DR.FEELGOOD Down By The Jetty - Collector's Edition |
EMI 363951 2 (2006)
Dr. Feelgood still tour Europe relentlessly to this day, but back in late Summer of 1974 the original ground breaking line-up changed the course of contemporary music by recycling old wine in new bottles - in this case reawakening the old blues genie.
The fact that hyperactive guitarist Wilko Johnson emerged as a prodigious song writer was a major bonus leading Canvey Island's finest to the top of the album charts and ultimately to the USA, home of the band's generic music. For Dr.
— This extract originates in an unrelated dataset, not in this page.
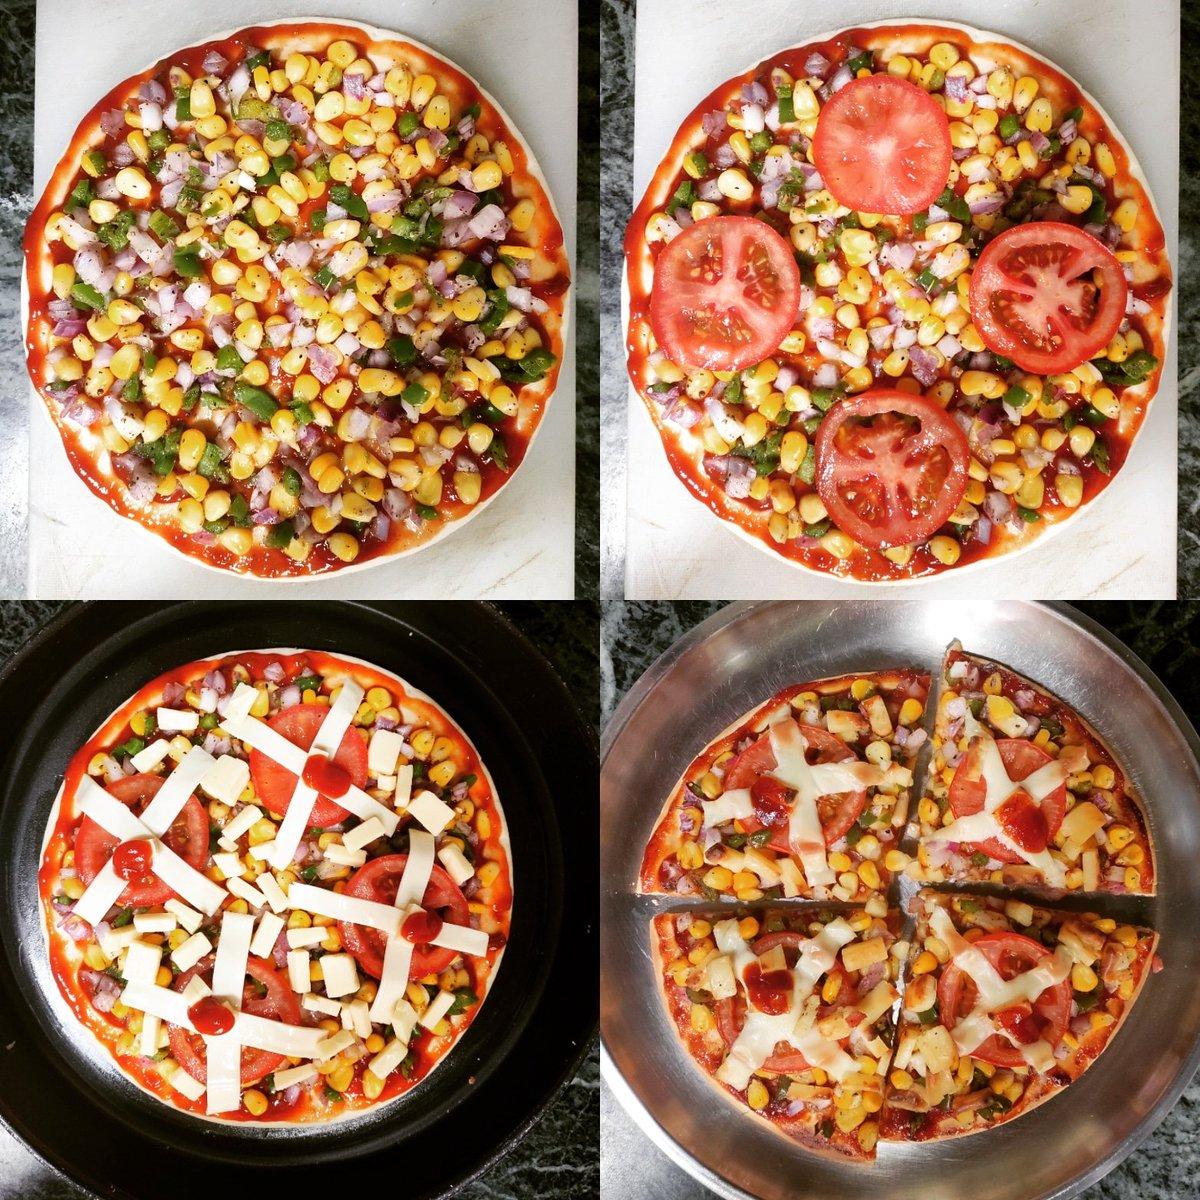 Aaj Sunday Lockdown Pizza is ready! 1.2.3.4! 🍕🍅🌽🌶️🍴😋  #weekend #sunday #brunch #india #coronavirus #lockdown #foodie #foodiesofindia #foodgasm #lunchtime #foodiesofinstagram #foodaholic  #vegetarian #cooking #sundaychef #cheflife🔪 #homemade #IndiaFightsCornona

Feelgood were basically a latter day Stones come Yardbirds adding their own magic to music with a timeless longevity.
Historically their significance was two fold, firstly providing a bridge between the overblown Rock orthodoxy (via Pub Rock) and the nascent Punk Rock scene, and secondly employing a back to the basics stripped down approach while blasting out their passionate high octane r&b in sweat filled pubs, clubs and later in dance halls.
Better still the unrelenting energy provided by the metronomic Mick Green style licks of guitarist Wilko Johnson were fuelled by a mix of Bo Diddley beats and recycled Rock & Roll. This unlikely take on the blues was afforded the perfect foil by the Howlin' Wolf style growl of Lee Brilleaux and was underpinned by the unfussy but rock steady rhythm section of drummer The Big Figure and bass man John B. Sparks.
The big bonus of course as evinced by this album is that Wilko matched the feverish intensity of his playing with a handful of killer songs including the staccato 'She Does It Right', the cutting edge R&B single that was 'Roxette' and the caustic 'Keep It Out Of Sight'. The bonus tracks on disc one include best of the band's r&b covers such as 'I'm A Hog For You Baby' and 'Stupidity'.
However, not everything has stood the test of time and although the concept of a stereo remix of disc two provides an unlikely extra dynamic, limp covers such as 'Boom Boom' don't hold up to clinical studio scrutiny while the plodding 'That Ain't The Way To Behave' was to become a mediocre template for Wilko's post Dr. Feelgood solo career.
But the whole Feelgood phenomenon was always about inspired live shows and taken as a whole, this collector's item complete with great photo's, knowledgeable liner notes by Will Birch, and 16 bonus tracks is an excellent reminder of how Dr.Feelgood single-handedly made rhythm and blues fashionable again.